= Function (biology) =

Reason for a change under natural selection; in physiology, what a system does

In evolutionary biology, function is the reason some object or process occurred in a system that evolved through natural selection. That reason is typically that it achieves some result, such as that chlorophyll helps to capture the energy of sunlight in photosynthesis. Hence, the organism that contains it is more likely to survive and reproduce, in other words the function increases the organism's fitness. A characteristic that assists in evolution is called an adaptation; other characteristics may be non-functional spandrels, though these in turn may later be co-opted by evolution to serve new functions.

In biology, function has been defined in many ways. In physiology, it is simply what an organ, tissue, cell or molecule does.

In the philosophy of biology, talk of function inevitably suggests some kind of teleological purpose, even though natural selection operates without any goal for the future. All the same, biologists often use teleological language as a shorthand for function.

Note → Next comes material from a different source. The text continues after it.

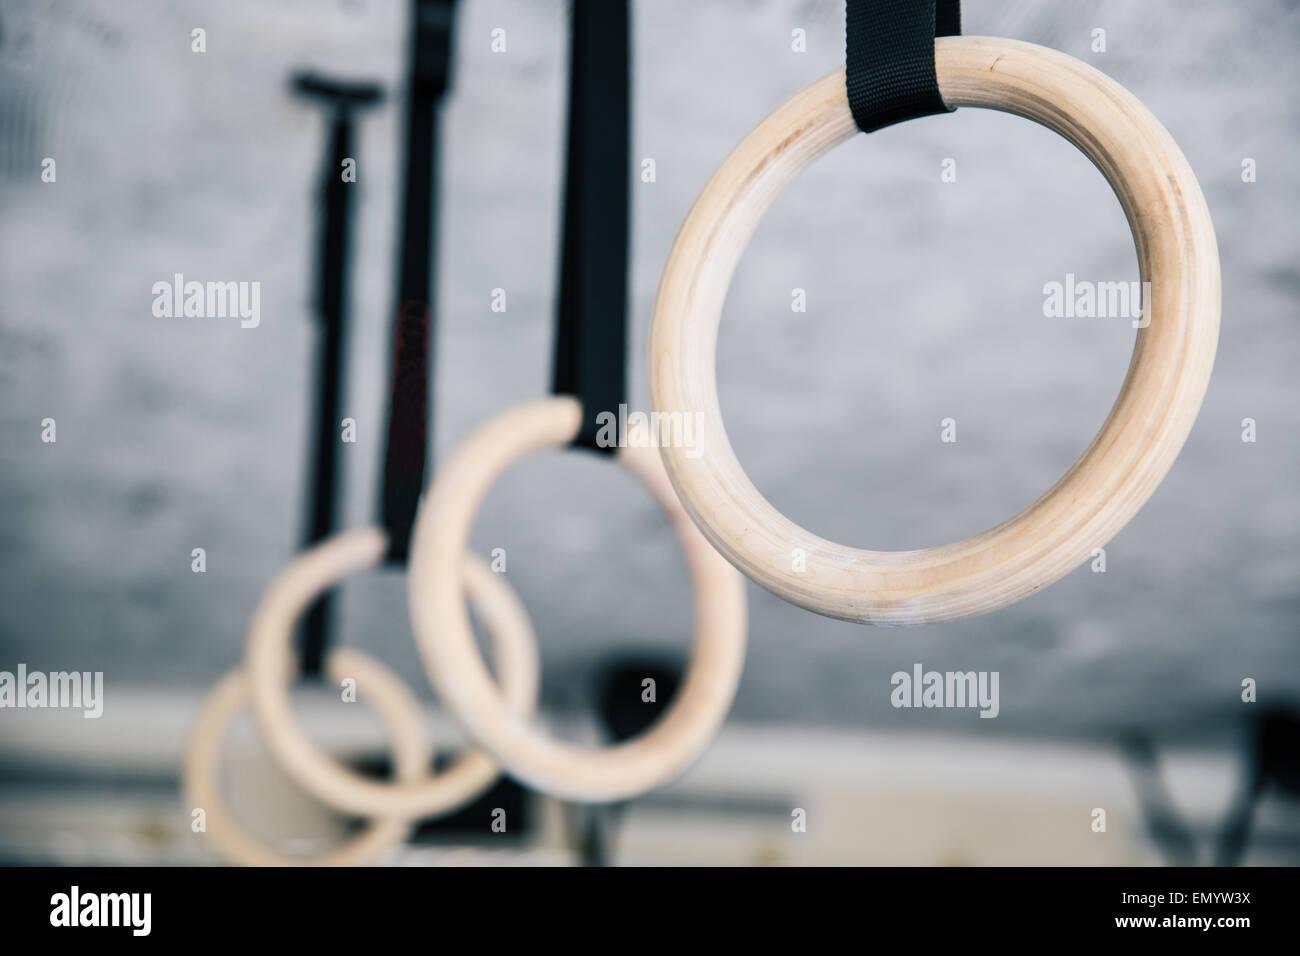 Closeup imagen de fitness en el gimnasio anillos Imagen De Stock

In contemporary philosophy of biology, there are three major accounts of function in the biological world: theories of causal role, selected effect, and goal contribution.

==In pre-evolutionary biology==

In physiology, a function is an activity or process carried out by a system in an organism, such as sensation or locomotion in an animal. This concept of function as opposed to form (respectively Aristotle's ergon and morphê) was central in biological explanations in classical antiquity. In more modern times it formed part of the 1830 Cuvier–Geoffroy debate, where Cuvier argued that an animal's structure was driven by its functional needs, while Geoffroy proposed that each animal's structure was modified from a common plan.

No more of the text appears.